• Task details: The entire set of lines below should be copied exactly.

• Supplied information:
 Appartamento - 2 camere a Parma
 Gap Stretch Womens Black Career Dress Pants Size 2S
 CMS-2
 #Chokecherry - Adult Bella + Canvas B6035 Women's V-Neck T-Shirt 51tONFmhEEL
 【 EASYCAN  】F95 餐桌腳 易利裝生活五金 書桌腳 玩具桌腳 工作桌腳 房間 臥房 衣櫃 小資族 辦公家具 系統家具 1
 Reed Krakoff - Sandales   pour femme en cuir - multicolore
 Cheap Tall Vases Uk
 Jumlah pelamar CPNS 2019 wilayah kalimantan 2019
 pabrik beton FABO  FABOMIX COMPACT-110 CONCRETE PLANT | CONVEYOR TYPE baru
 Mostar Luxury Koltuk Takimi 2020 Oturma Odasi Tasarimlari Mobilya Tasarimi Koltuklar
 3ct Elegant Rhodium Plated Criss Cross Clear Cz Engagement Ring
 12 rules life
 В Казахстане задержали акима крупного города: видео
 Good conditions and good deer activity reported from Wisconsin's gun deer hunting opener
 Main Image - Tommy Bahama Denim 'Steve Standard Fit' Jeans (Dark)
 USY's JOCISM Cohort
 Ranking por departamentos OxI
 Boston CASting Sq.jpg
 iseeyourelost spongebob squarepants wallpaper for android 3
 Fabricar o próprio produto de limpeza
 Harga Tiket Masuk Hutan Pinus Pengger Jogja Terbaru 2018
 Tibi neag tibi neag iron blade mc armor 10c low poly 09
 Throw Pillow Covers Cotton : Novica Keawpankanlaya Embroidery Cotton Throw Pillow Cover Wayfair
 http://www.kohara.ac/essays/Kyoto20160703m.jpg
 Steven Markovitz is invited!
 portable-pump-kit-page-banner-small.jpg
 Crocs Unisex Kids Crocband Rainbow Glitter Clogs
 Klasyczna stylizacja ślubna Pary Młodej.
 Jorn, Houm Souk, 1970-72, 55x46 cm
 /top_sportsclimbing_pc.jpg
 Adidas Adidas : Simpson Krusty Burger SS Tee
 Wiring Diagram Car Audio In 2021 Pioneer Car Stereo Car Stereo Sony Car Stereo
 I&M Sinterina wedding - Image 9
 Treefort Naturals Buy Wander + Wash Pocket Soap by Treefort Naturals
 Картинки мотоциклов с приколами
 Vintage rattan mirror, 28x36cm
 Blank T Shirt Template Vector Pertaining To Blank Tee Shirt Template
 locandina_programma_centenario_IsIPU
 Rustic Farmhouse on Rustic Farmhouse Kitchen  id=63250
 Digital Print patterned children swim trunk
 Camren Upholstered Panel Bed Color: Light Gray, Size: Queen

• Solution to the problem:
 Appartamento - 2 camere a Parma
 Gap Stretch Womens Black Career Dress Pants Size 2S
 CMS-2
 #Chokecherry - Adult Bella + Canvas B6035 Women's V-Neck T-Shirt 51tONFmhEEL
 【 EASYCAN  】F95 餐桌腳 易利裝生活五金 書桌腳 玩具桌腳 工作桌腳 房間 臥房 衣櫃 小資族 辦公家具 系統家具 1
 Reed Krakoff - Sandales   pour femme en cuir - multicolore
 Cheap Tall Vases Uk
 Jumlah pelamar CPNS 2019 wilayah kalimantan 2019
 pabrik beton FABO  FABOMIX COMPACT-110 CONCRETE PLANT | CONVEYOR TYPE baru
 Mostar Luxury Koltuk Takimi 2020 Oturma Odasi Tasarimlari Mobilya Tasarimi Koltuklar
 3ct Elegant Rhodium Plated Criss Cross Clear Cz Engagement Ring
 12 rules life
 В Казахстане задержали акима крупного города: видео
 Good conditions and good deer activity reported from Wisconsin's gun deer hunting opener
 Main Image - Tommy Bahama Denim 'Steve Standard Fit' Jeans (Dark)
 USY's JOCISM Cohort
 Ranking por departamentos OxI
 Boston CASting Sq.jpg
 iseeyourelost spongebob squarepants wallpaper for android 3
 Fabricar o próprio produto de limpeza
 Harga Tiket Masuk Hutan Pinus Pengger Jogja Terbaru 2018
 Tibi neag tibi neag iron blade mc armor 10c low poly 09
 Throw Pillow Covers Cotton : Novica Keawpankanlaya Embroidery Cotton Throw Pillow Cover Wayfair
 http://www.kohara.ac/essays/Kyoto20160703m.jpg
 Steven Markovitz is invited!
 portable-pump-kit-page-banner-small.jpg
 Crocs Unisex Kids Crocband Rainbow Glitter Clogs
 Klasyczna stylizacja ślubna Pary Młodej.
 Jorn, Houm Souk, 1970-72, 55x46 cm
 /top_sportsclimbing_pc.jpg
 Adidas Adidas : Simpson Krusty Burger SS Tee
 Wiring Diagram Car Audio In 2021 Pioneer Car Stereo Car Stereo Sony Car Stereo
 I&M Sinterina wedding - Image 9
 Treefort Naturals Buy Wander + Wash Pocket Soap by Treefort Naturals
 Картинки мотоциклов с приколами
 Vintage rattan mirror, 28x36cm
 Blank T Shirt Template Vector Pertaining To Blank Tee Shirt Template
 locandina_programma_centenario_IsIPU
 Rustic Farmhouse on Rustic Farmhouse Kitchen  id=63250
 Digital Print patterned children swim trunk
 Camren Upholstered Panel Bed Color: Light Gray, Size: Queen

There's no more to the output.